Rating:
Perhaps The Homosexuals, who evolved from a band called The Rejects, were never in the right place at the right time. But this seems unlikely, considering that The Rejects were opening The Roxy for The Damned, The Jam and Wire in the late '70s, which is pretty prime in terms of the punk zeitgeist. Perhaps their name scared away cultural dilettantes slumming for a more mannered radical idiom, but this is also improbable: The Sex Pistols didn't seem to have much trouble cementing their legacy. Perhaps The Ramones' tri-chord sing-alongs were just more memorable than The Homosexuals' adventurous, eclectic song structures (and "Gabba gabba hey" does stick in the brain a bit more than "Ivory elbows/ Deny shads edge"). Nevertheless, in our current climate of rampant historical salvaging, it seems likely that every shooting star in the fleeting firestorm that was punk will be plucked from the obscuring swarm and bronzed for posterity. The Homosexuals are the latest to come (back) down the pike, clothed in new fire: reissued, remastered, repackaged, and finally, remembered.
The triple-disc Astral Glamour clocks in at a whopping 81 tracks, and documents every salvageable mote of music The Homosexuals committed to tape or vinyl from 1977 to 1984, including multiple versions of many tracks (guitar mixes, vocal mixes, live versions, instrumentals). Most of the first disc's songs appeared on the posthumous 1984 Homosexuals LP and The Homosexuals' CD reissue that was released earlier this year. So it's the second and third discs that will get exhaustive collectors all hot and bothered-- they're brimming with tracks restored from decaying LPs and an ultra-rare tape of which 10 known copies exist, plus demos, singles, unreleased tracks and alternate versions unavailable anywhere else. Handsomely packaged in a gate-fold case with a 32-page booklet of photos, posters, lyrics, and commentary, Astral Glamour might be the collection by which the best punk band that no one heard finally get their due.
The Homosexuals epitomize the British post-punk style of the late '70s (why didn't Rough Trade pick this up?), combining the brainy word collages and winding guitars of Scritti Politti with the manic energy and bizarre flourishes of The Pop Group. Even remastered, Astral Glamour raises shitty production to an artform, and the tinny guitars one associates with old punk records achieve effects of depth, texture and distortion that are startling.
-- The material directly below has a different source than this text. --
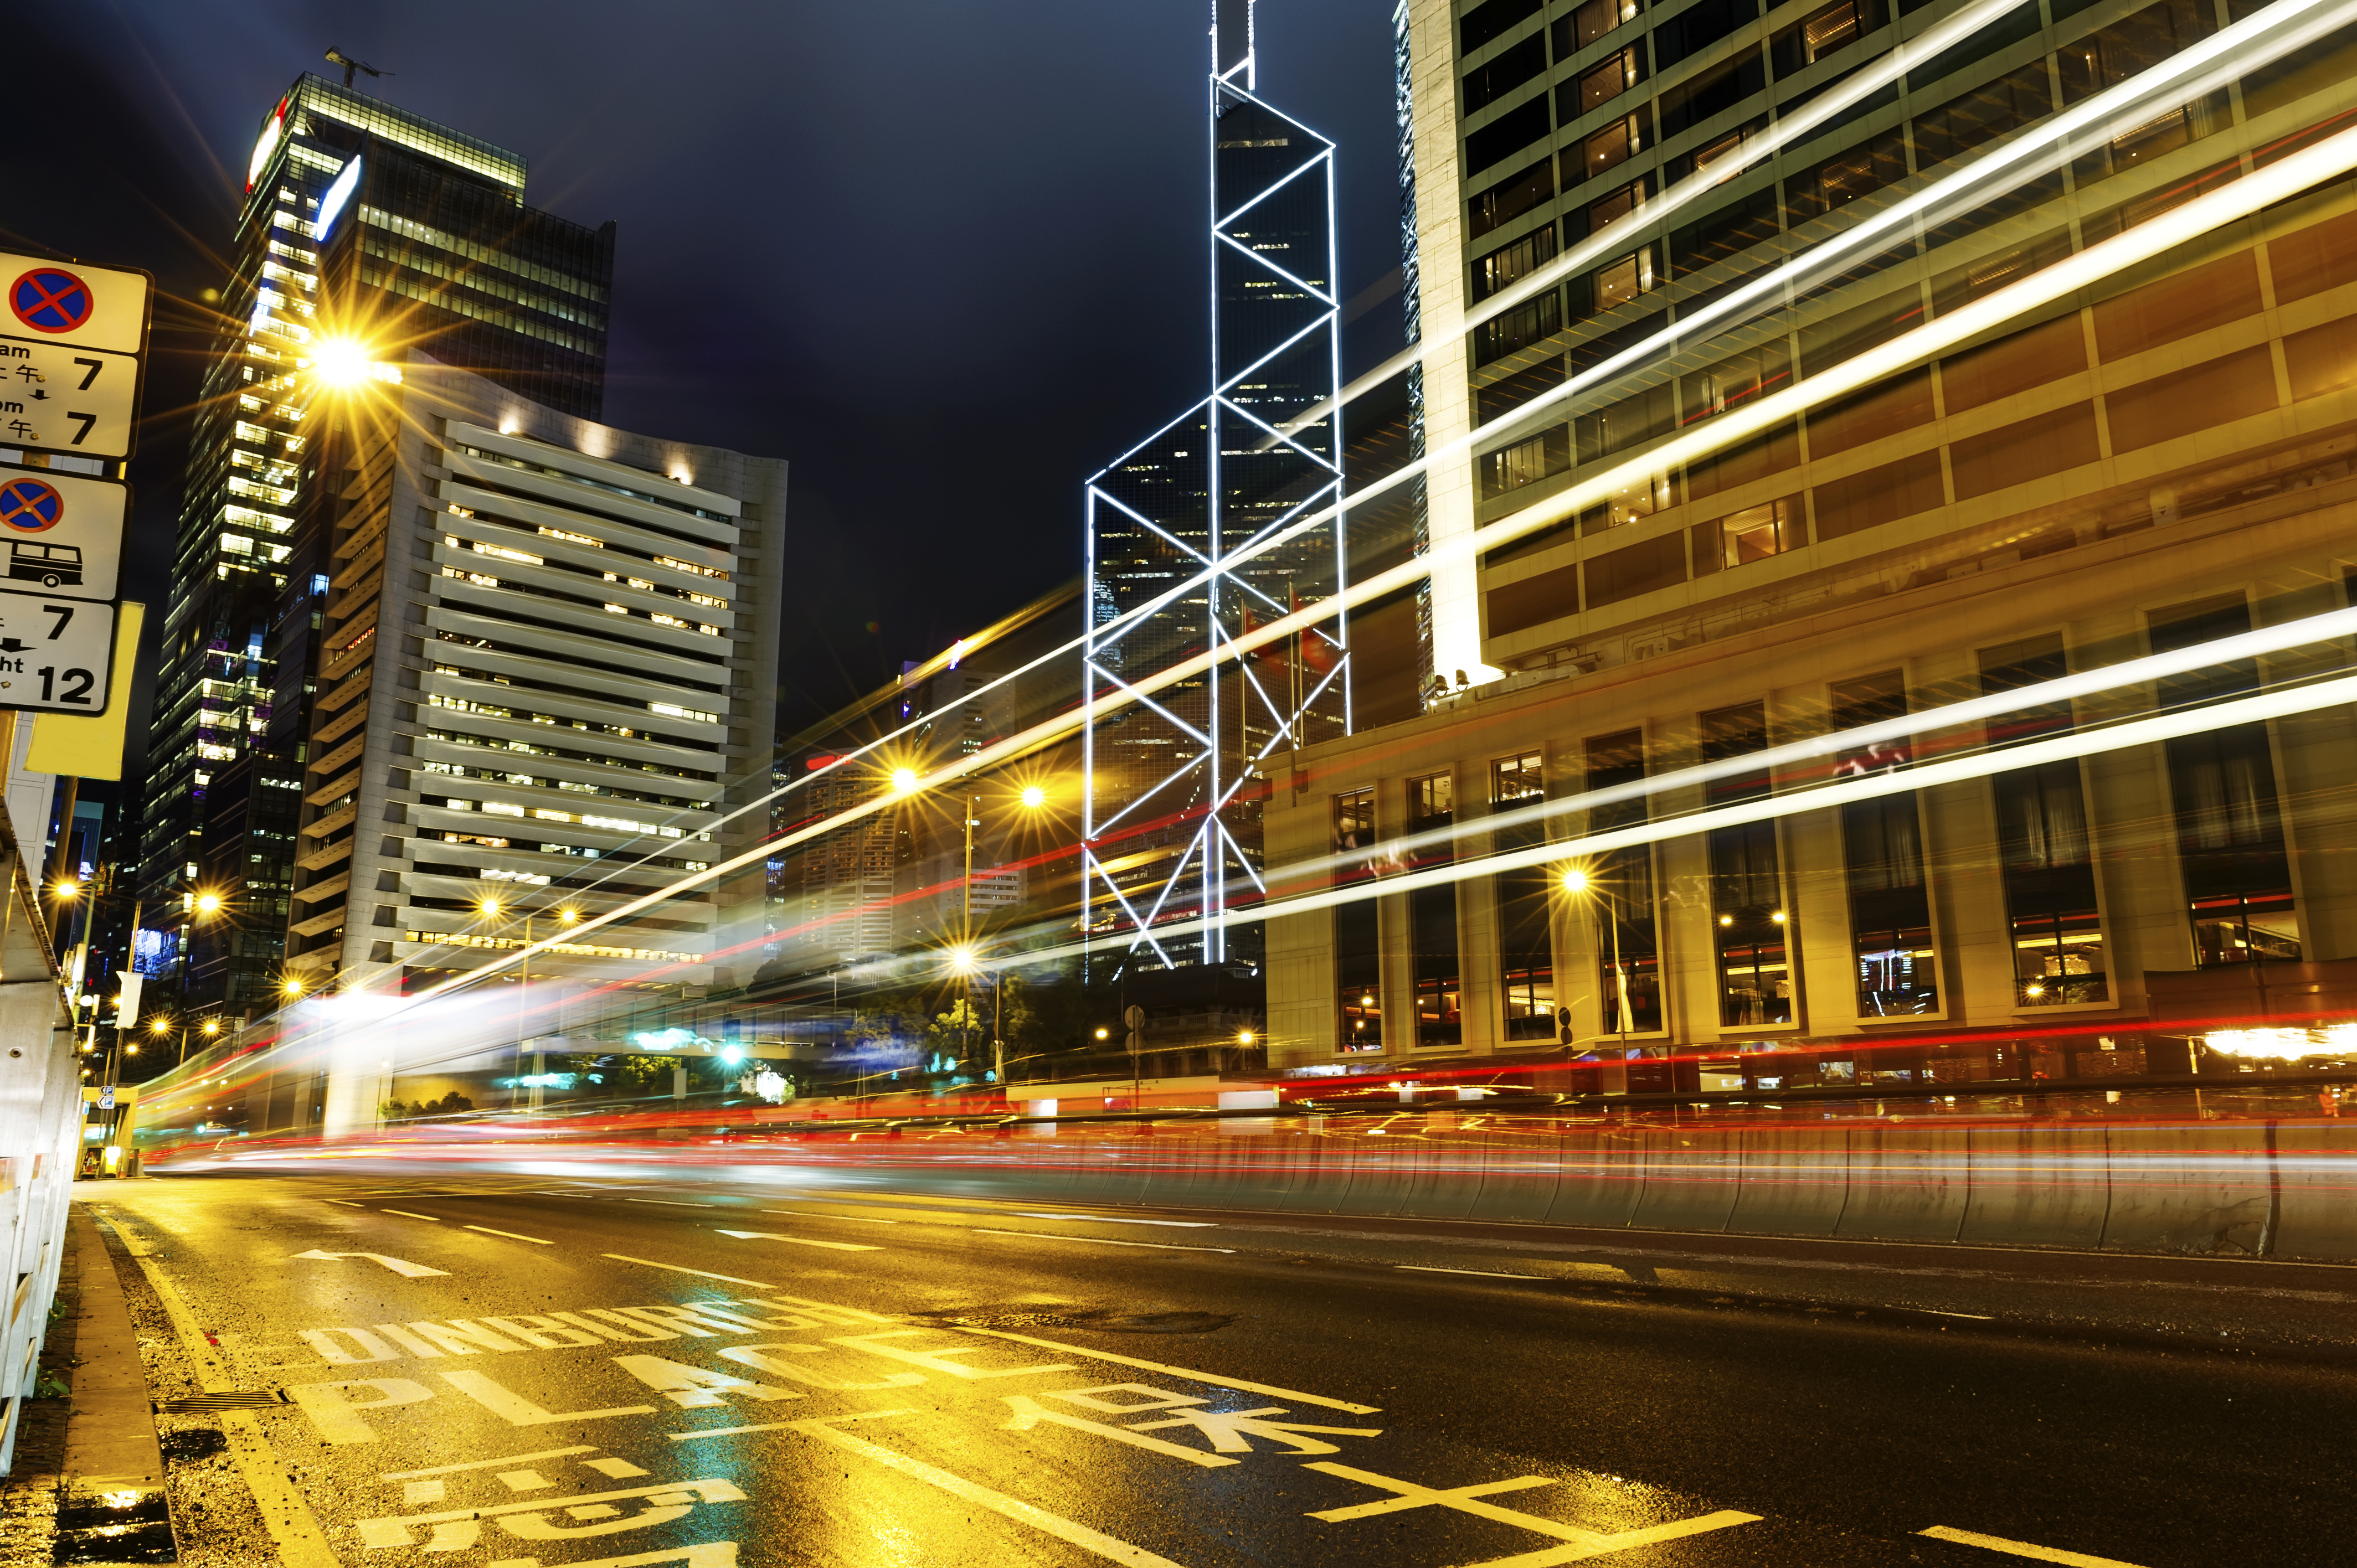 [THE매력적인]홍콩In 마카오out  페리편도포함 2박4일-홍콩 피크트렘티켓제공

But what really distinguishes The Homosexuals from their numerous peers is the remarkable diversity of their output, which maintains its vigor and cohesive mien while exploring different methods of construction and tone: ramshackle pop, mangled dub, rock shredding, garage funk, Afrobeat, and gutter psychedelia.
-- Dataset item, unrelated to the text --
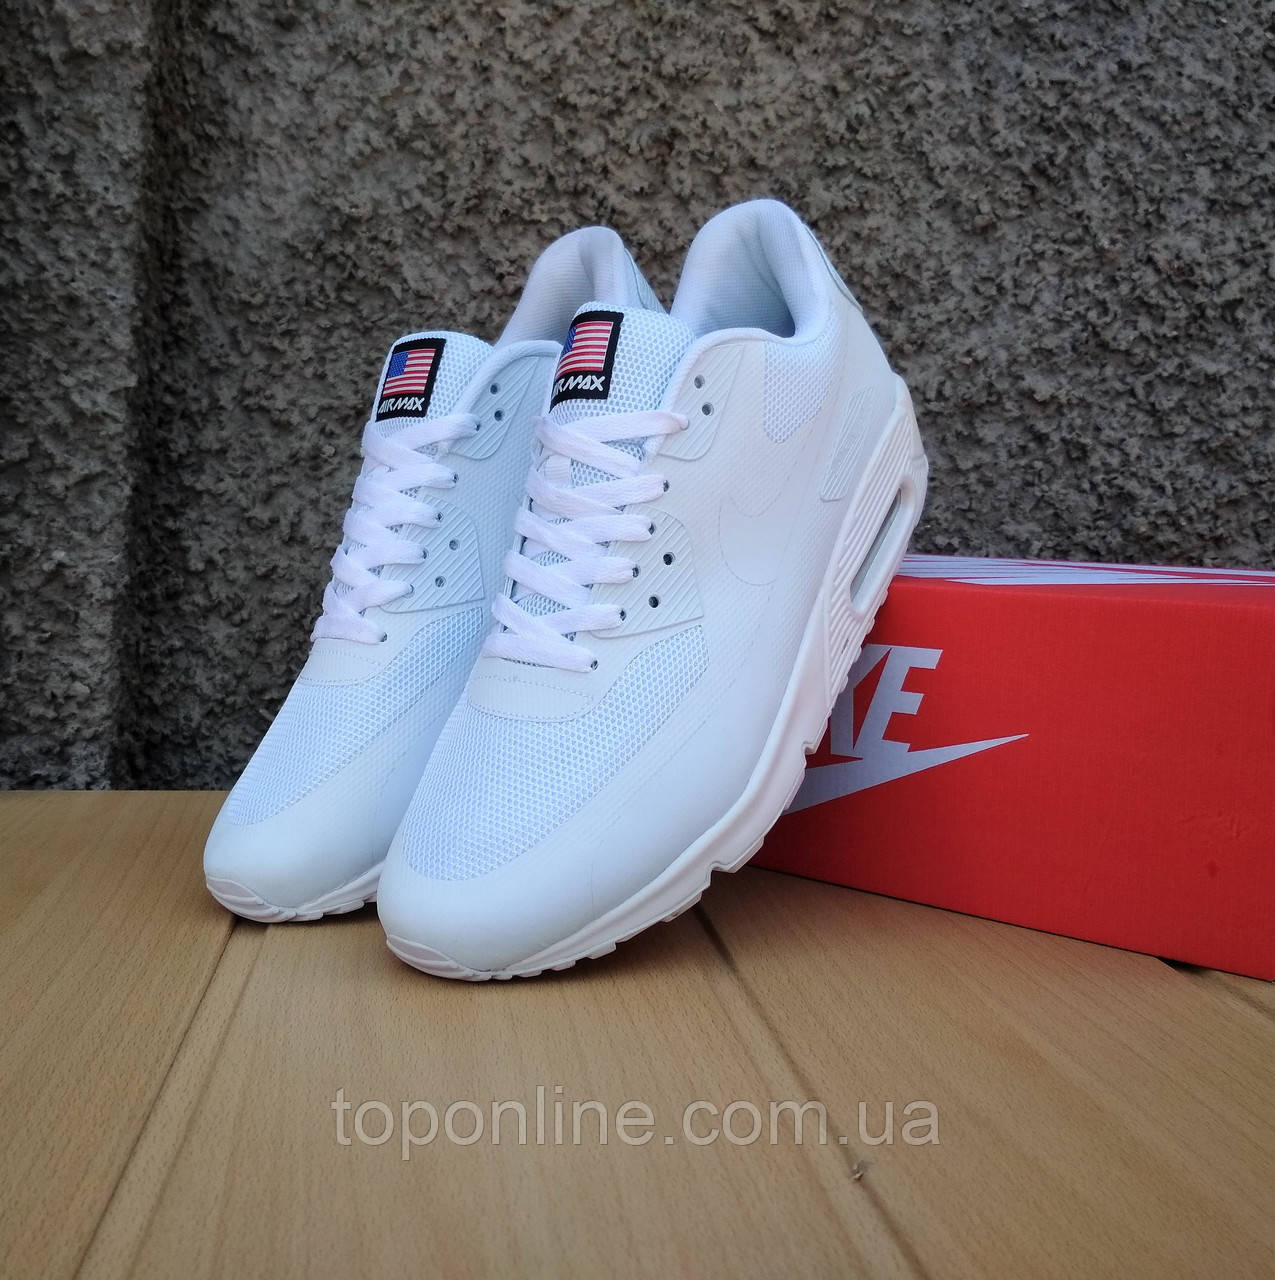 Кроссовки Nike Air Max Hyperfuse Independence Day white - В кроссовках UA в  Запорожье 6f2319dfd05

"My Night Out" blasts off with chaotic guitars and babbling, affected vocals reminiscent of The Pop Group's "We Are All Prostitutes", before collapsing into a streamlined pop/punk anthem. The title track evokes Entertainment!-era Gang of Four, with its melodic bass licks and trash-funk guitars. "Hearts in Exile" has a squalid grandeur as it moves in and out of the speakers, a ghostly, vanishing version of the Psychedelic Furs' sweeping paranoia. "You're Not Moving the Way You're Supposed To" reworks New Age Steppers-style ragga-punk with plinking harmonics and euphoric rock breakdowns. The twinkling piano and amorphous atmosphere of "Nursery Chymes" predict The Walkmen 25 years before their advent, just as "In Search of the Perfect Baby" seems to auger the disturbed and dilapidated opulence of Frog Eyes. The complete songs are strung together with wispy motes of ephemera, such as the fractured dub of "Symbols I Love" or the electric stutter and flux of "Black Noise", which rolls into the twangy, laddering funk of "Ants on Parade". Taken alone, any song on Astral Glamour is engaging. Taken together, in all their multiplicity and ambition, they cohere into a monstrous and shambling mutant before which one just collapses slack-jawed and cowers.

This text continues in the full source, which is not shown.